In: Operations Management
Problem 2: Number of defective tires produced in 20 batches of 100 units each is given below.
2, 5, 7, 1, 3, 5, 9, 12, 16, 5, 9, 12, 2, 14, 4, 7, 6, 8, 9, 11
What control charts will be appropriate? Develop upper and lower control limits for such charts. The next batch of 100 units showed 12 defectives. Is the process in control?

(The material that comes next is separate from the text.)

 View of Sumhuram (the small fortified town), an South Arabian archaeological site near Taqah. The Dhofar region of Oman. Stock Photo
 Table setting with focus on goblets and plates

Problem 3: Inspection of 12 car panels in a Mercury plant showed the following number of defects on each panel:
9, 4, 3, 17, 24, 12, 10, 25, 12, 34, 10, 10
What control charts will be appropriate? Develop upper and lower control limits for such charts. Suppose the next three panels showed no defect at all. Is this process out of control? Why or why not?

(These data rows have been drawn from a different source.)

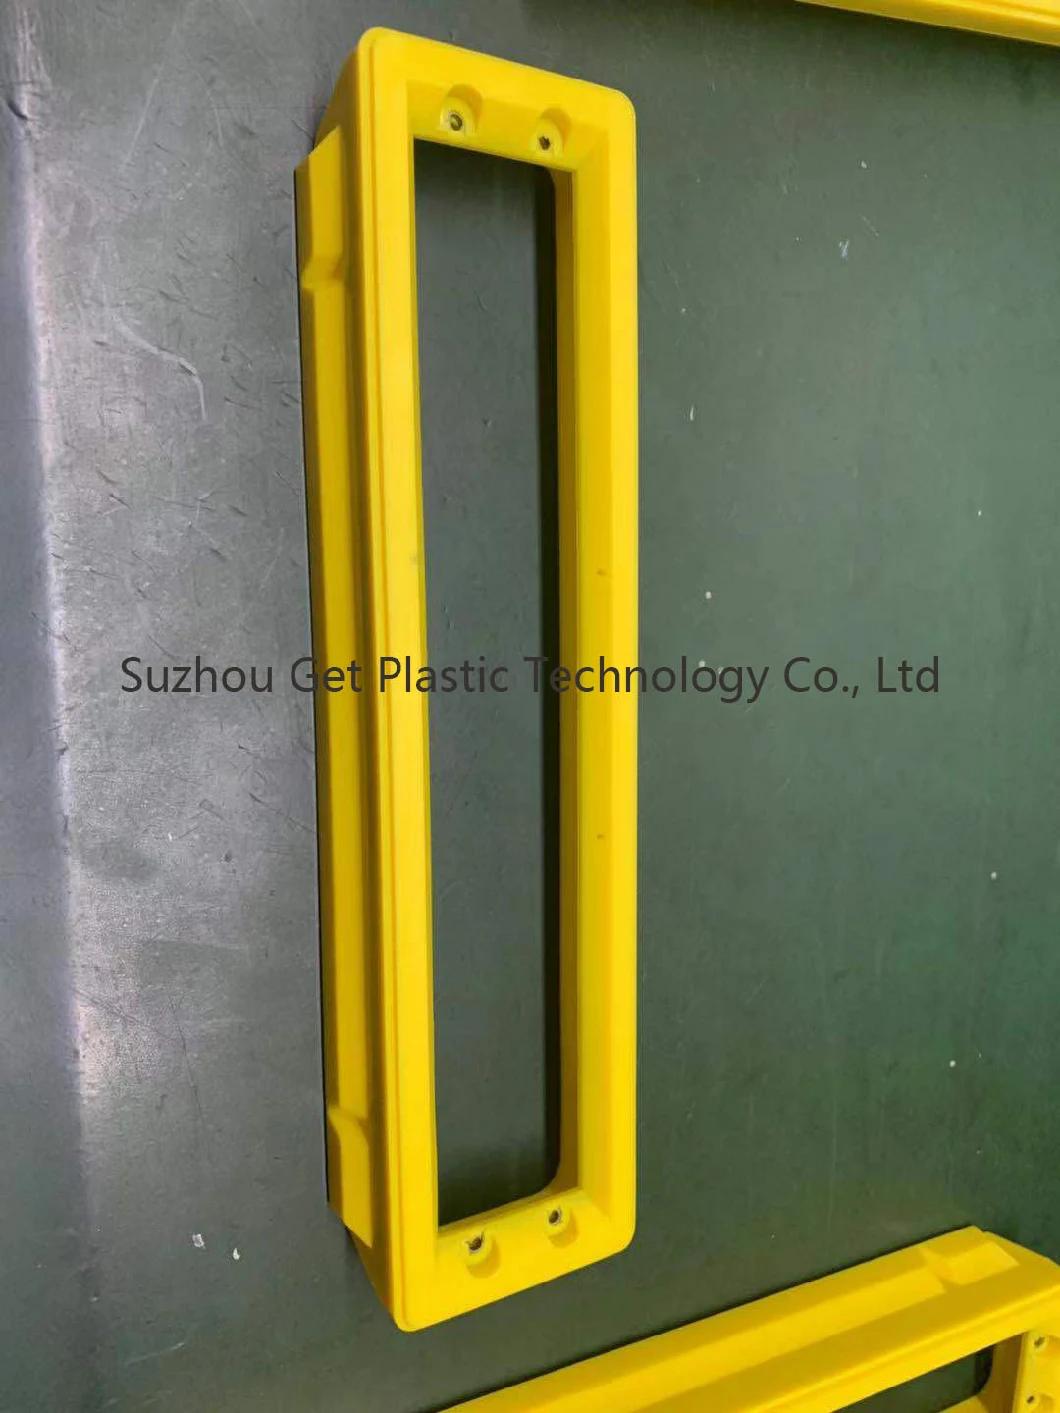 Cutomized Auto Injection Mould for Plastic Parts
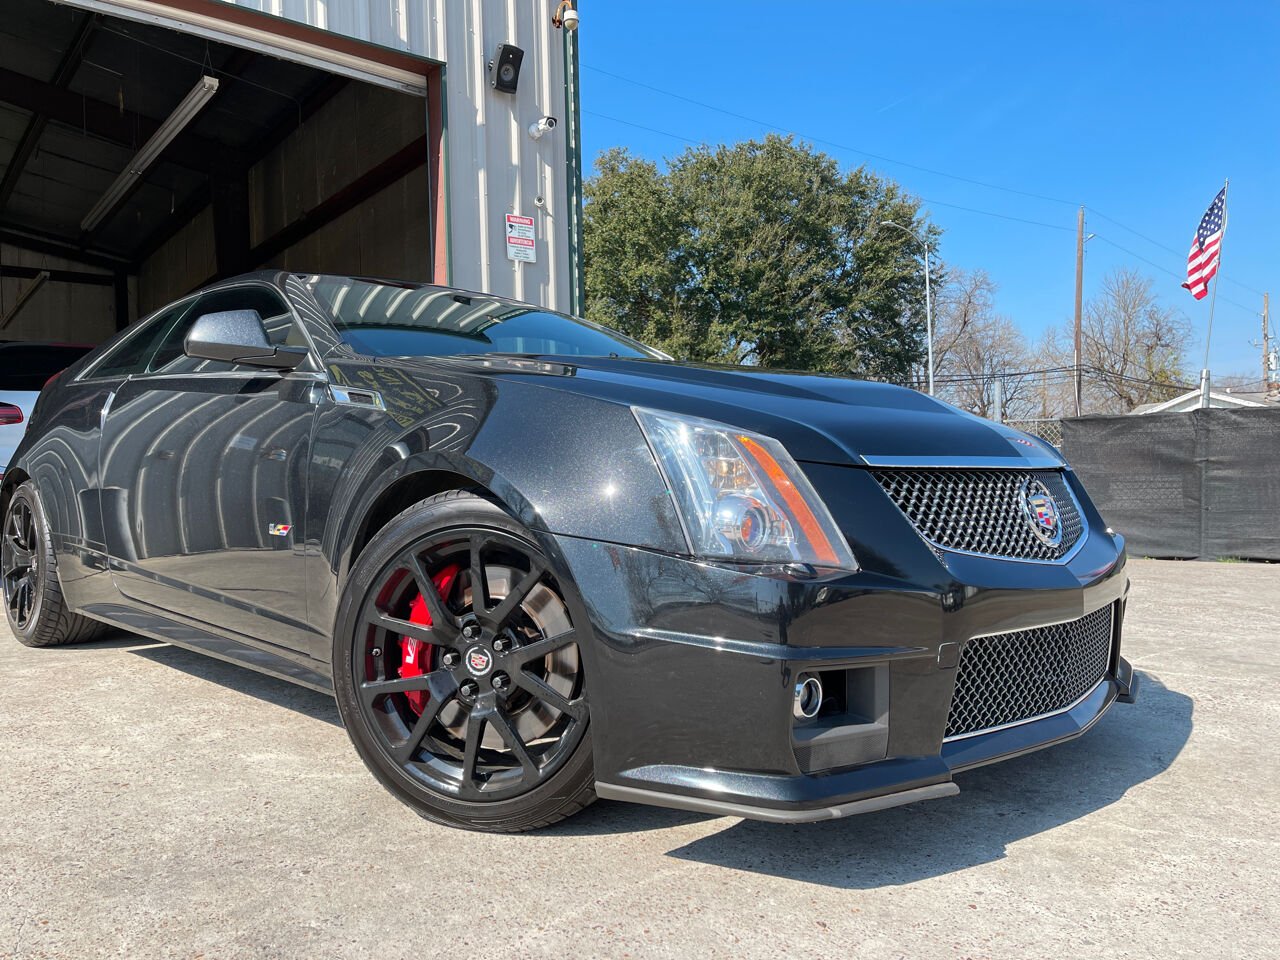 2015 Cadillac CTS-V For Sale - Carsforsale.com®
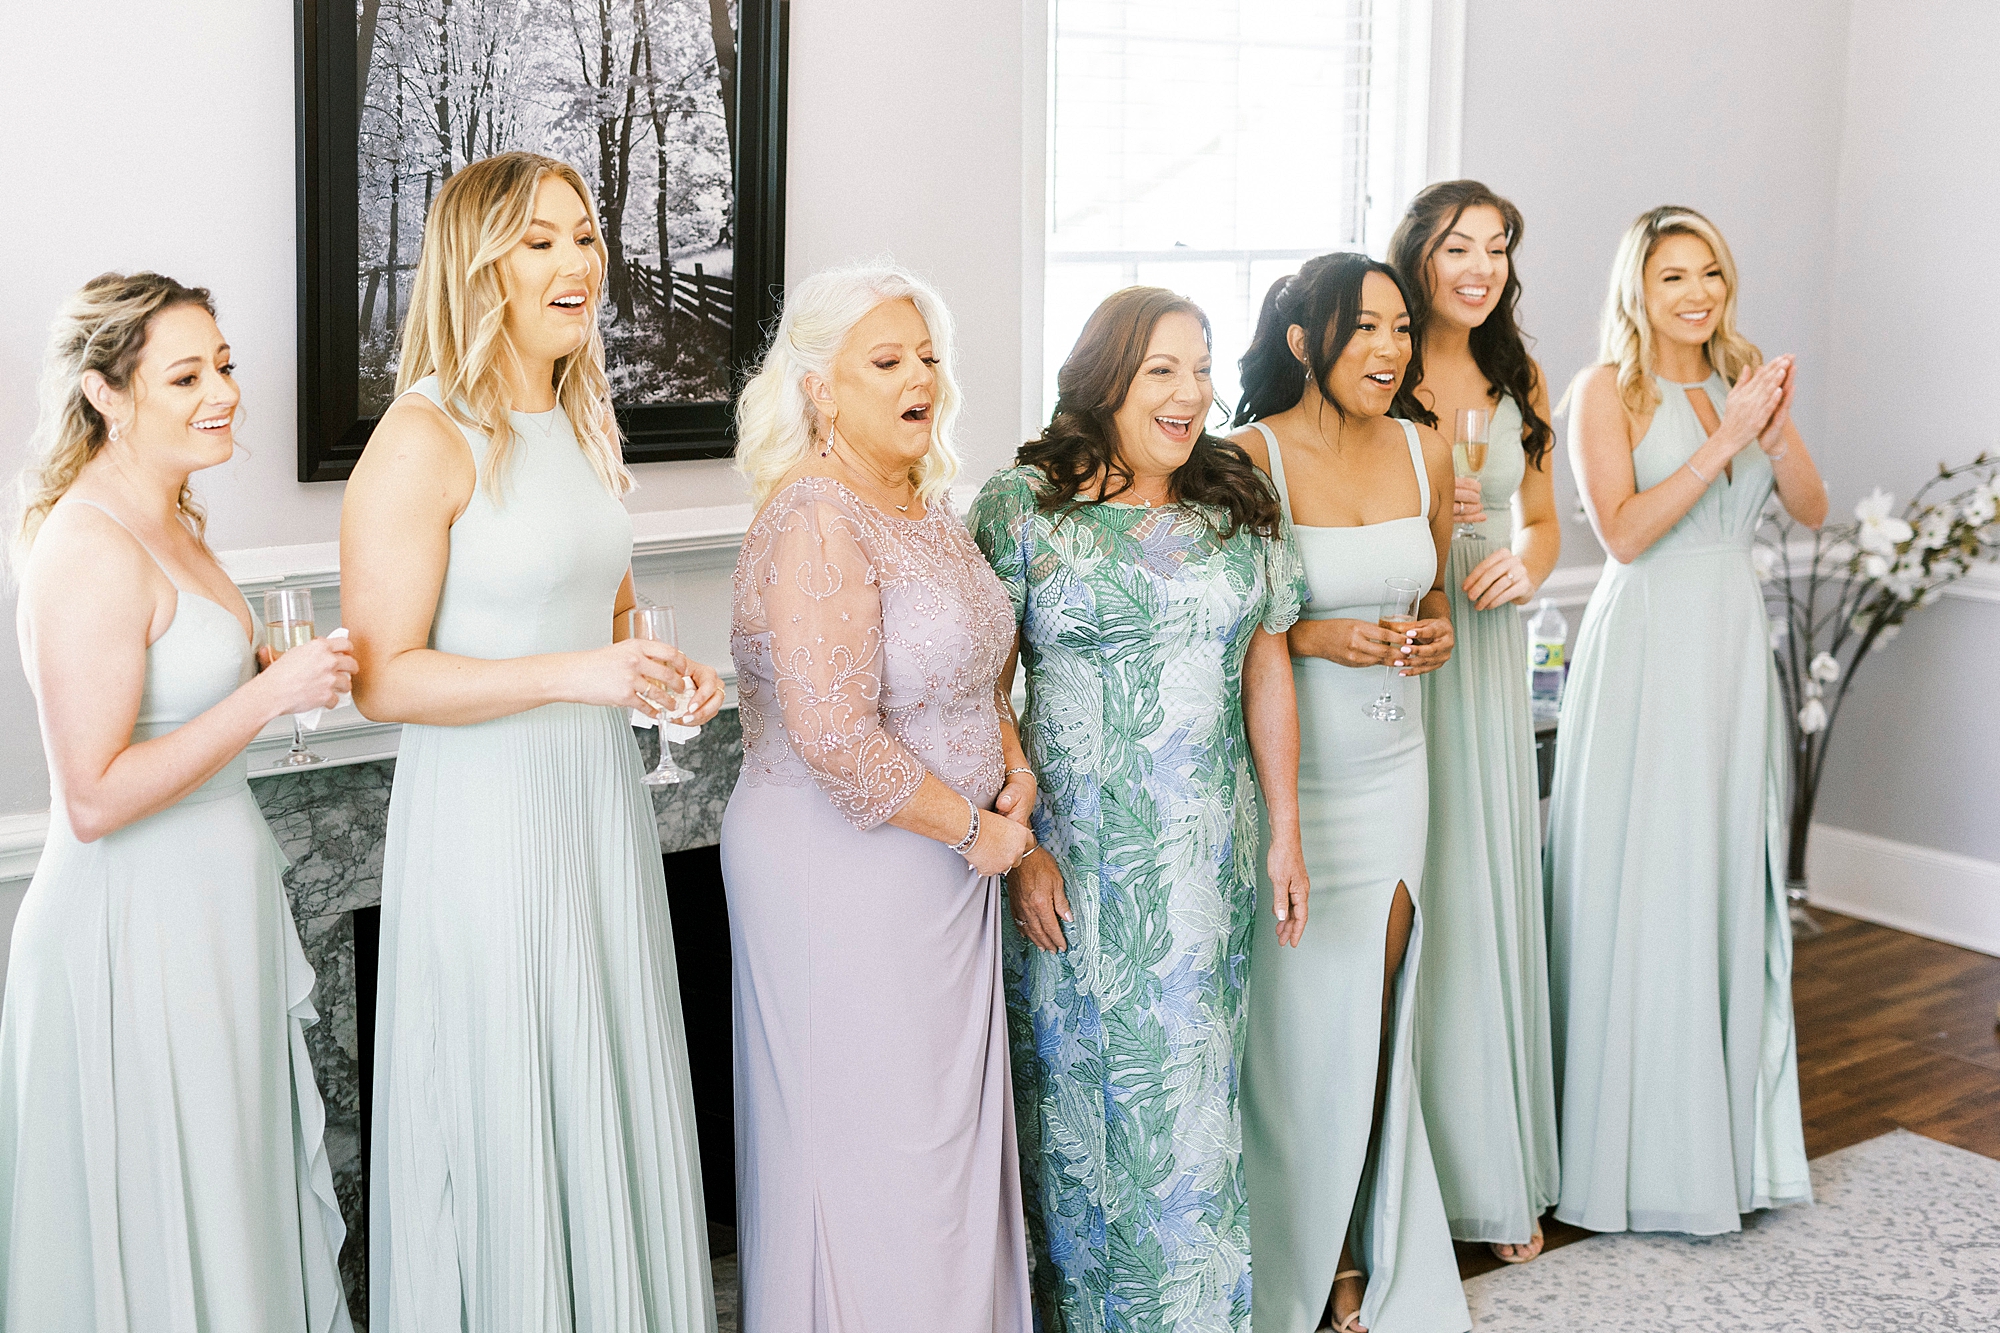 bridesmaids and mothers react to bride in wedding gown

1. P-CHART WOULD BE APPROPRIATE HERE.
Z = 3
SAMPLE SIZE = 100
NUMBER OF SAMPLES TAKEN = 20
P-BAR = TOTAL NUMBER OF DEFECTS / (SAMPLE SIZE * NUMBER OF
SAMPLES = 147 / (100 * 20) = 0.0735
STDEV = SQRT((PBAR * (1 - PBAR)) / SAMPLE SIZE = SQRT((0.0735 * (1
- 0.0735)) / 100 = 0.0261
UCL = PBAR + (Z * STDEV) = 0.0735 + (3 * 0.0261) = 0.1518
LCL = PBAR - (Z * STDEV) = 0.0735 - (3 * 0.0261) = -0.0048, SINCE
LCL IS NEGATIVE, LCL = 0
2. NO, SINCE 1 POINT IS OUTSIDE THE CONTROL LIMIT(OBSERVATION 9), THE PROCESS IS NOT IN STATISTICAL CONTROL.

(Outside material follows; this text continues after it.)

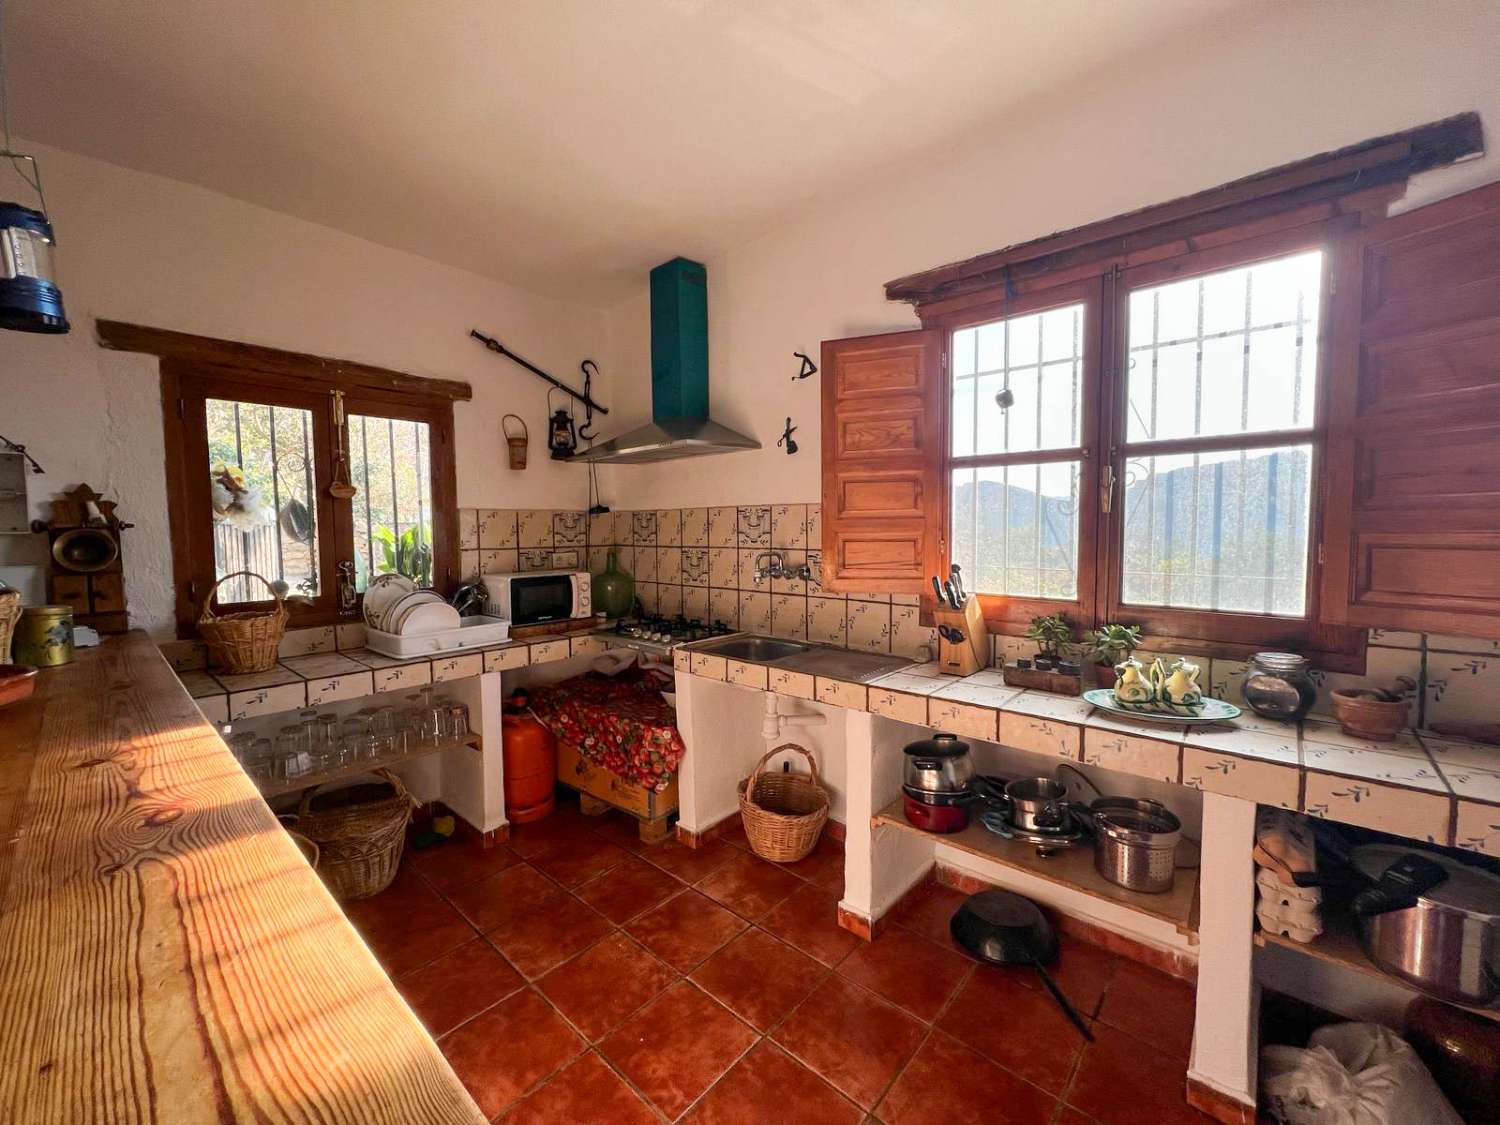 House for rent in Lanjarón

2. C CHART IS APPROPRIATE HERE
Z = 3
TOTAL NUMBER OF DEFECTS = 170
NUMBER OF SAMPLES = 12
C-BAR = TOTAL NUMBER OF OBSERVATIONS / NUMBER OF SAMPLES = 170 / 12 = 14.1667
UCL = C-BAR + (Z * SQRT(C-BAR)) = 14.1667 + (3 * SQRT(14.1667))
= 25.46
LCL = C-BAR - (Z * SQRT(C-BAR)) = 14.1667 - (3 * SQRT(14.1667)) =
2.88
2. THE CHART IS OUT OF CONTROL BECAUSE OBSERVATION 10 IS OUTSIDE
THE CONTROL LIMITS.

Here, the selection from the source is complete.